### Task brief:
Working from the entries that follow, transcribe exactly and only the lines from the one with "eller konturen inte" through the last, pictures excluded.

### Material shown:
——
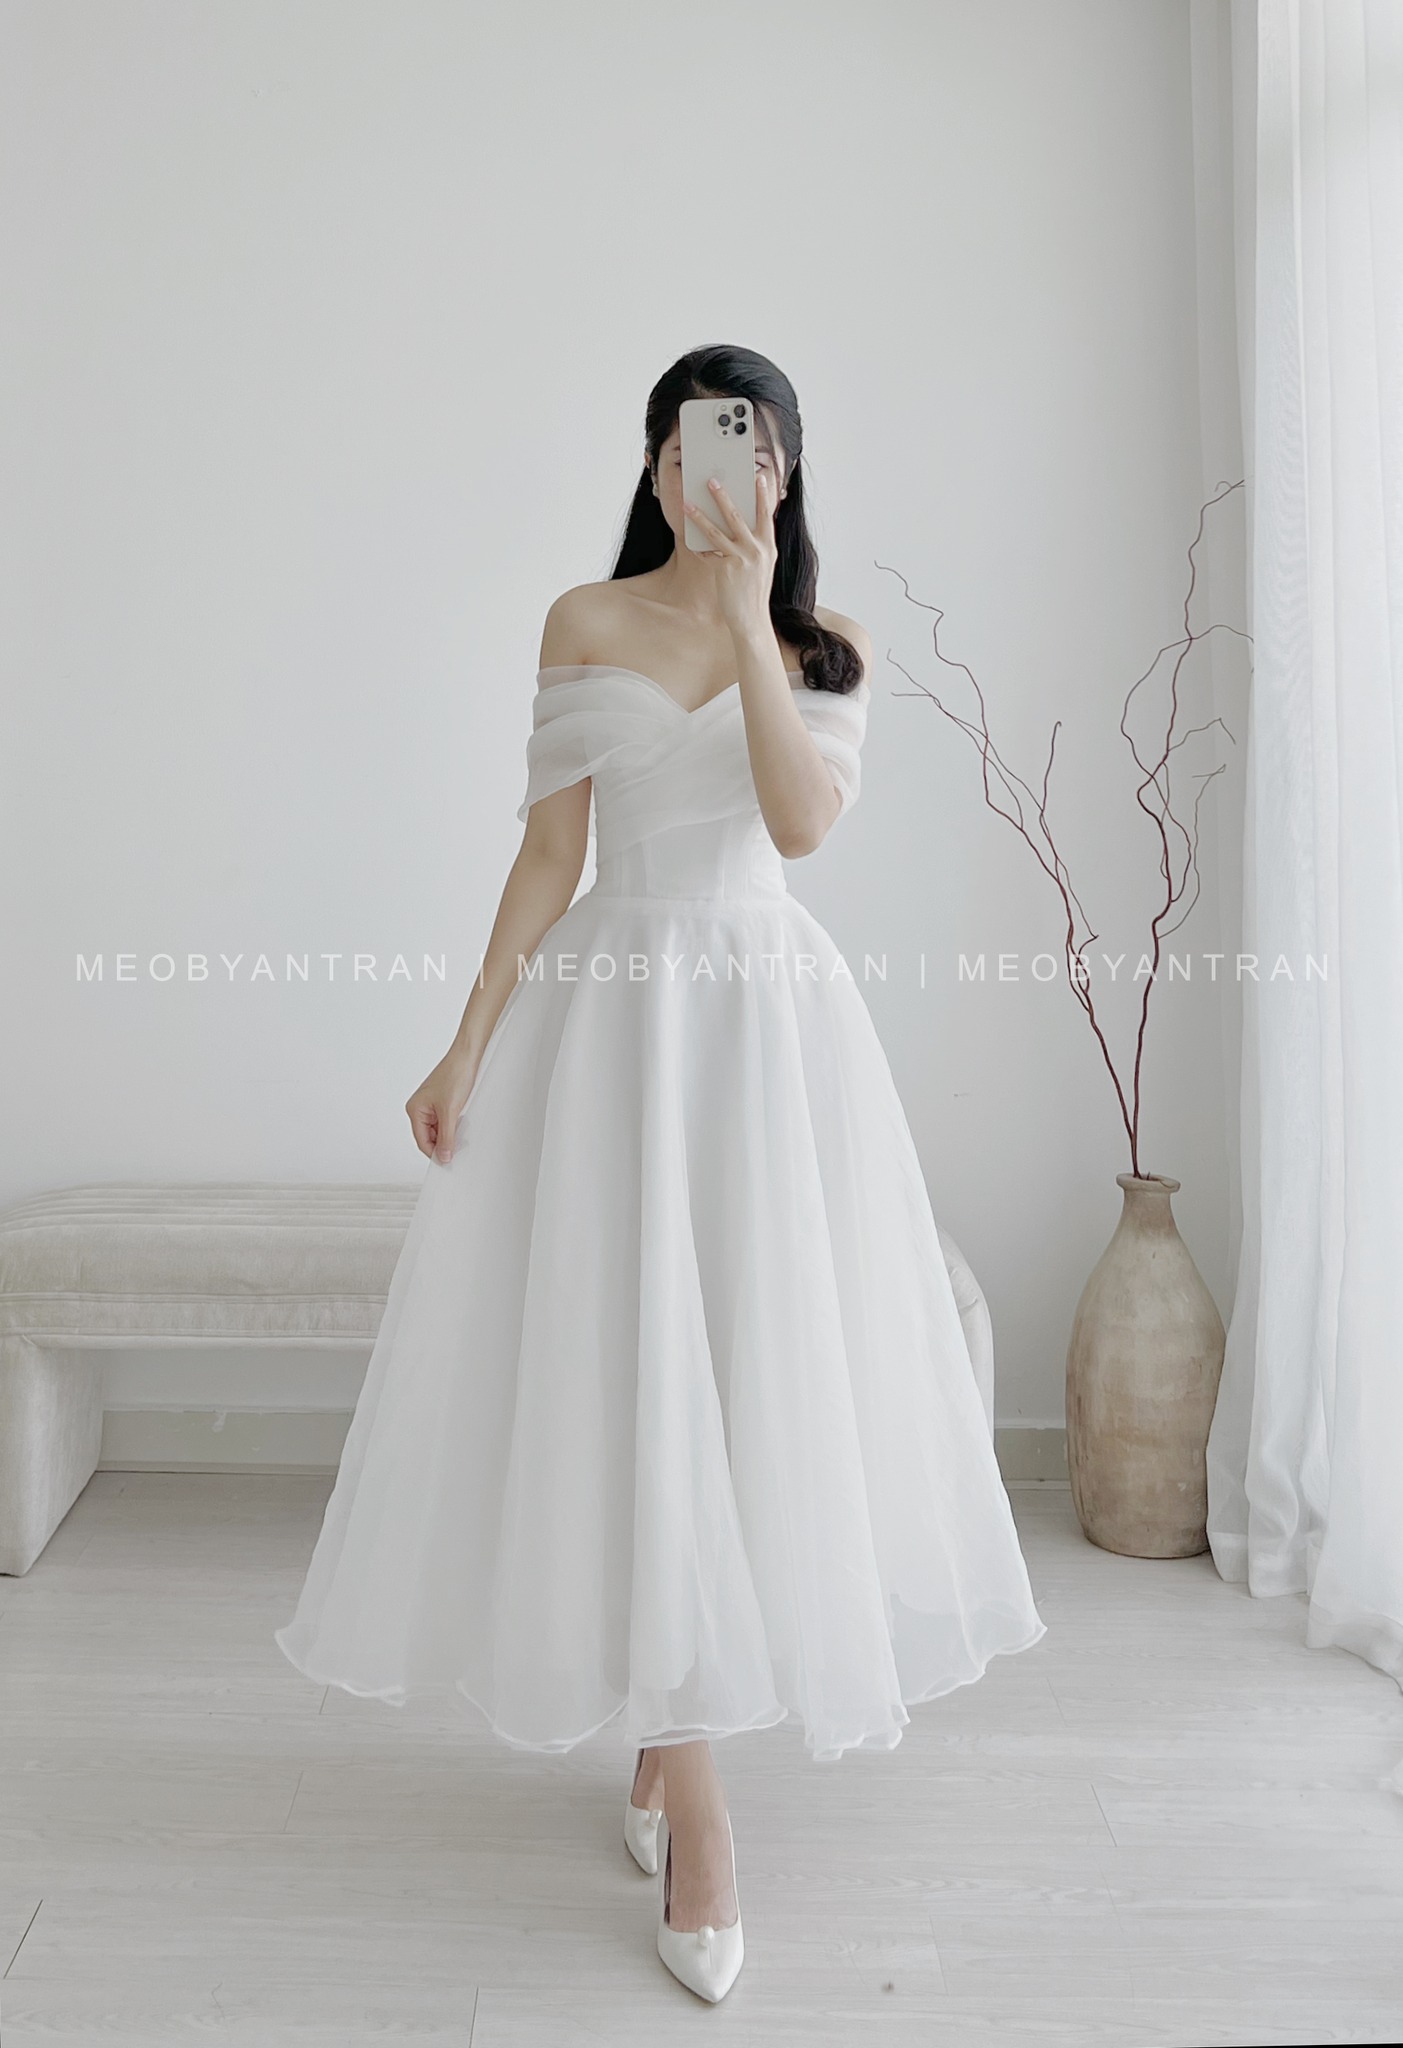 Váy cưới ngắn dễ thương chất liệu voan nhẹ nhàng #1104
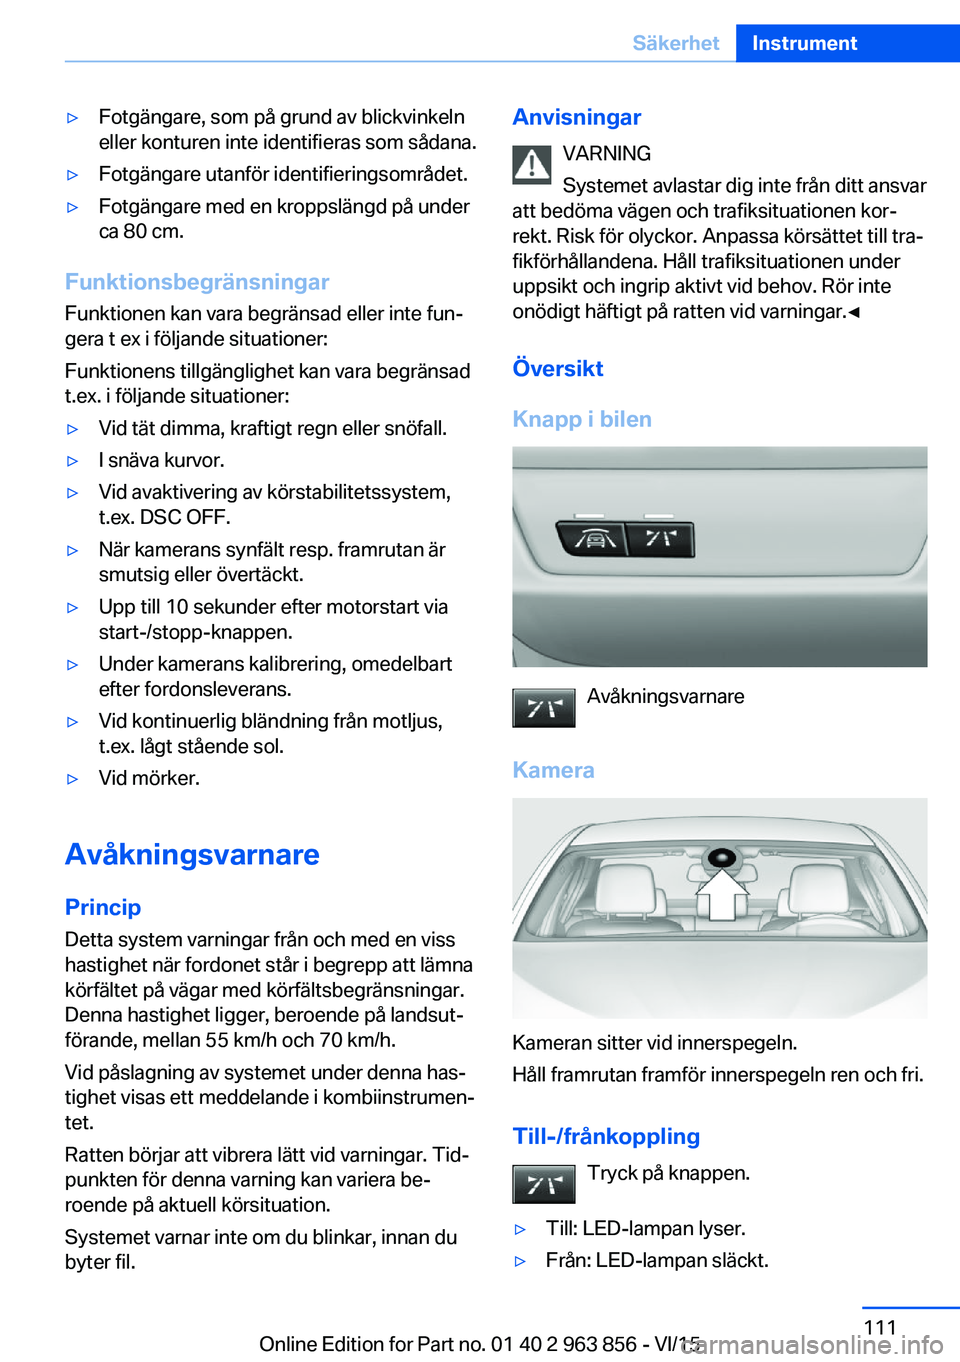 BMW 2 SERIES COUPE 2016  InstruktionsbÖcker (in Swedish) ▷Fotgängare, som på grund av blickvinkeln
eller konturen inte identifieras som sådana.▷Fotgängare utanför identifieringsområdet.▷Fotgängare med en kroppslängd på under
ca 80 cm.
Funktio
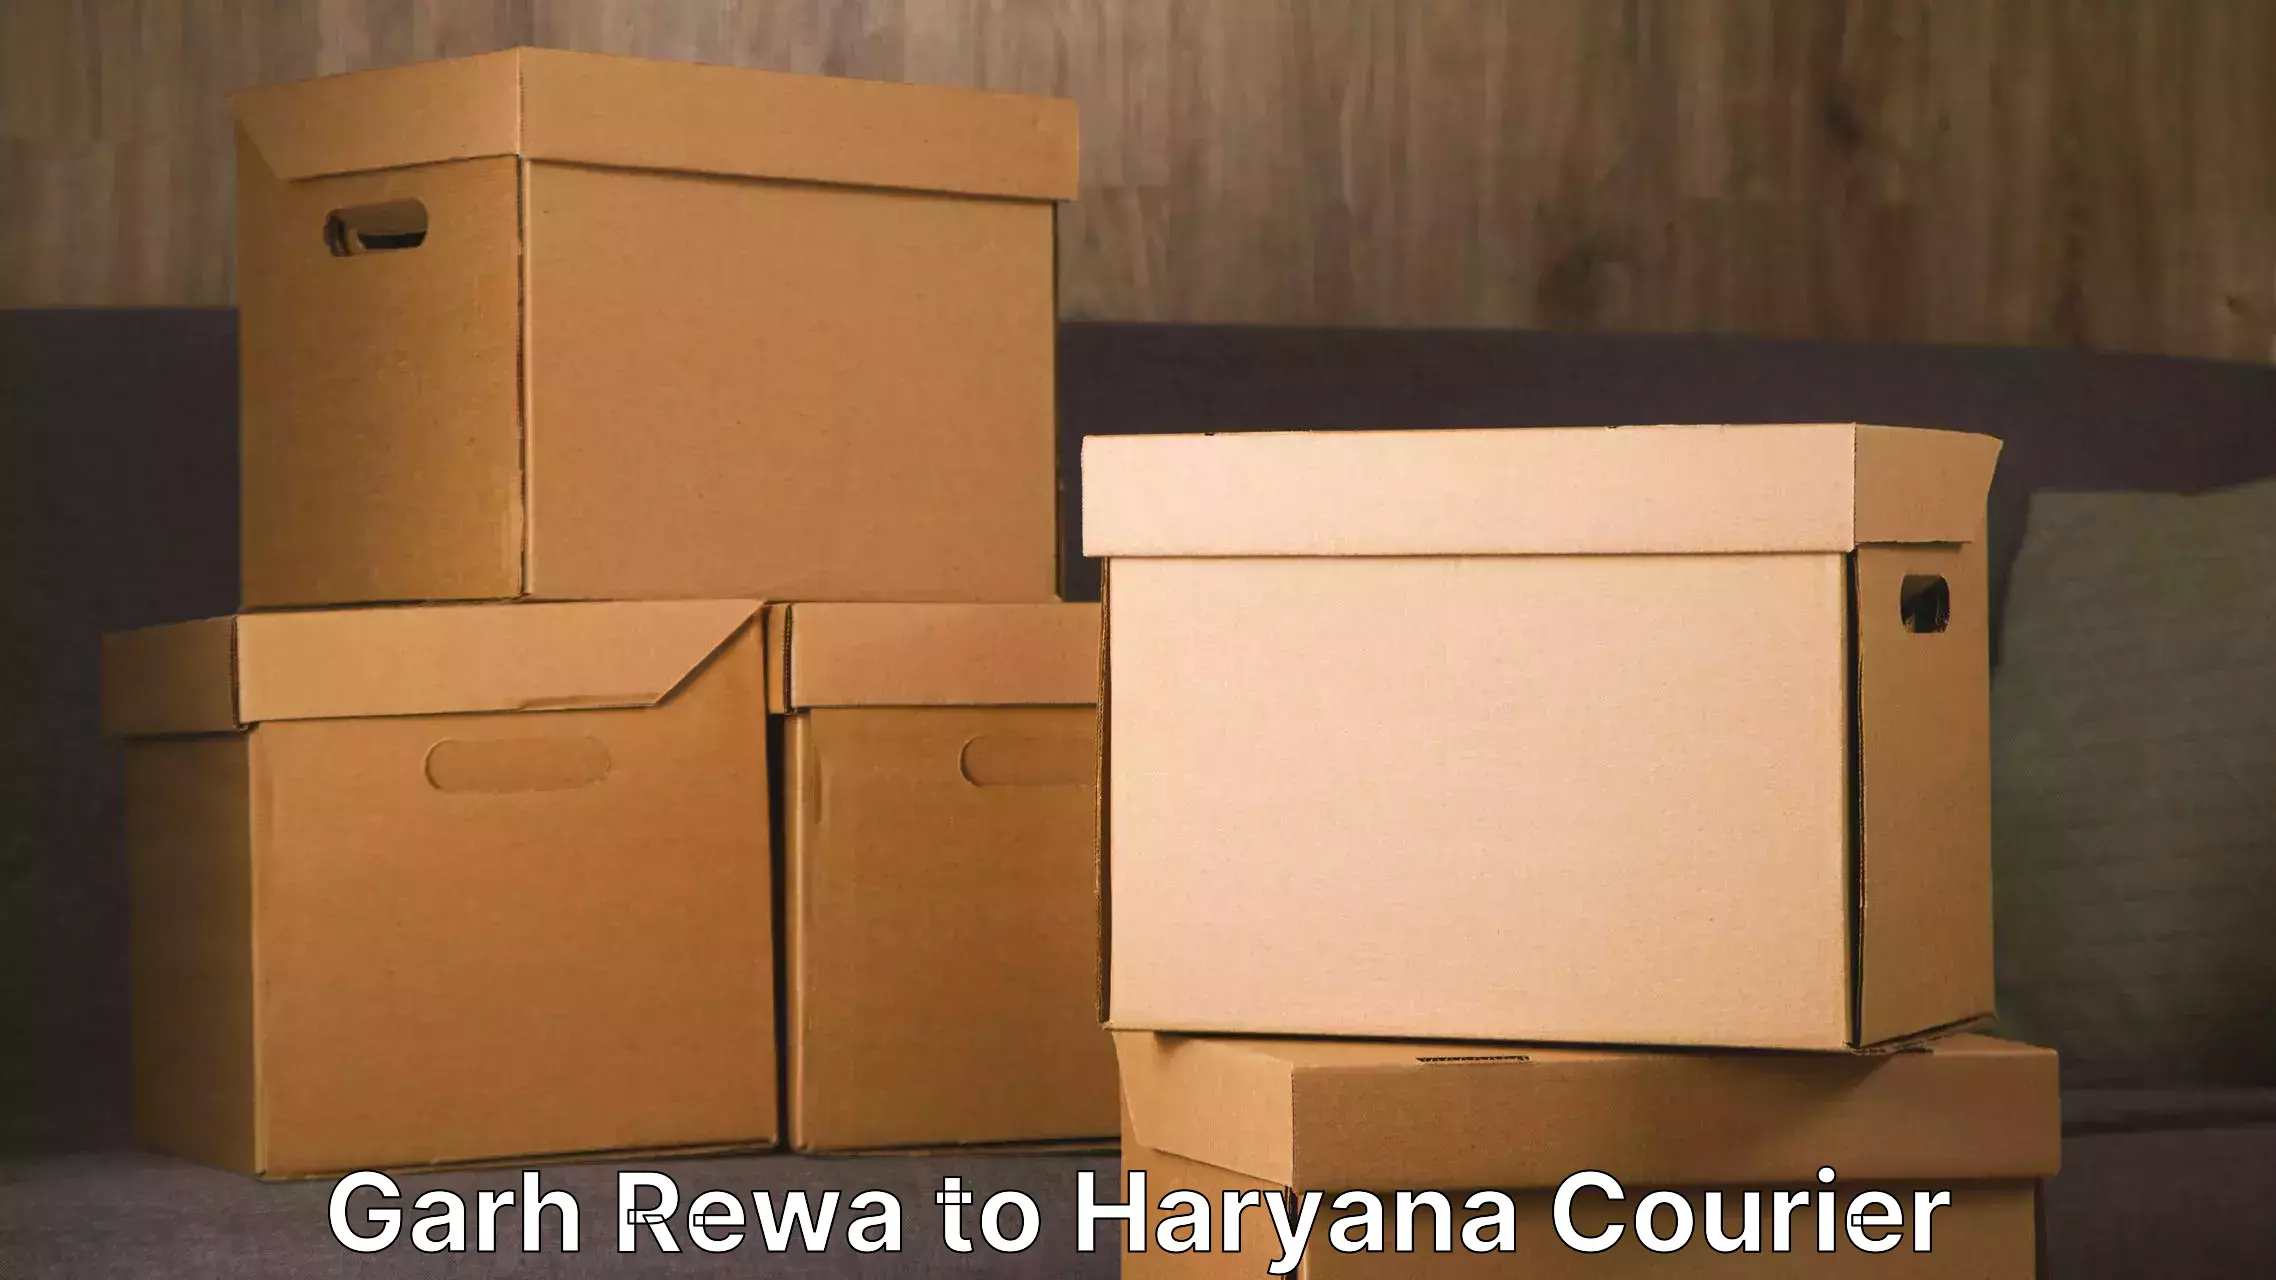 Household moving experts Garh Rewa to Panchkula
——
### Worked solution:
eller konturen inte identifieras som sådana.▷Fotgängare utanför identifieringsområdet.▷Fotgängare med en kroppslängd på under
ca 80 cm.
Funktio
 Household moving experts Garh Rewa to Panchkula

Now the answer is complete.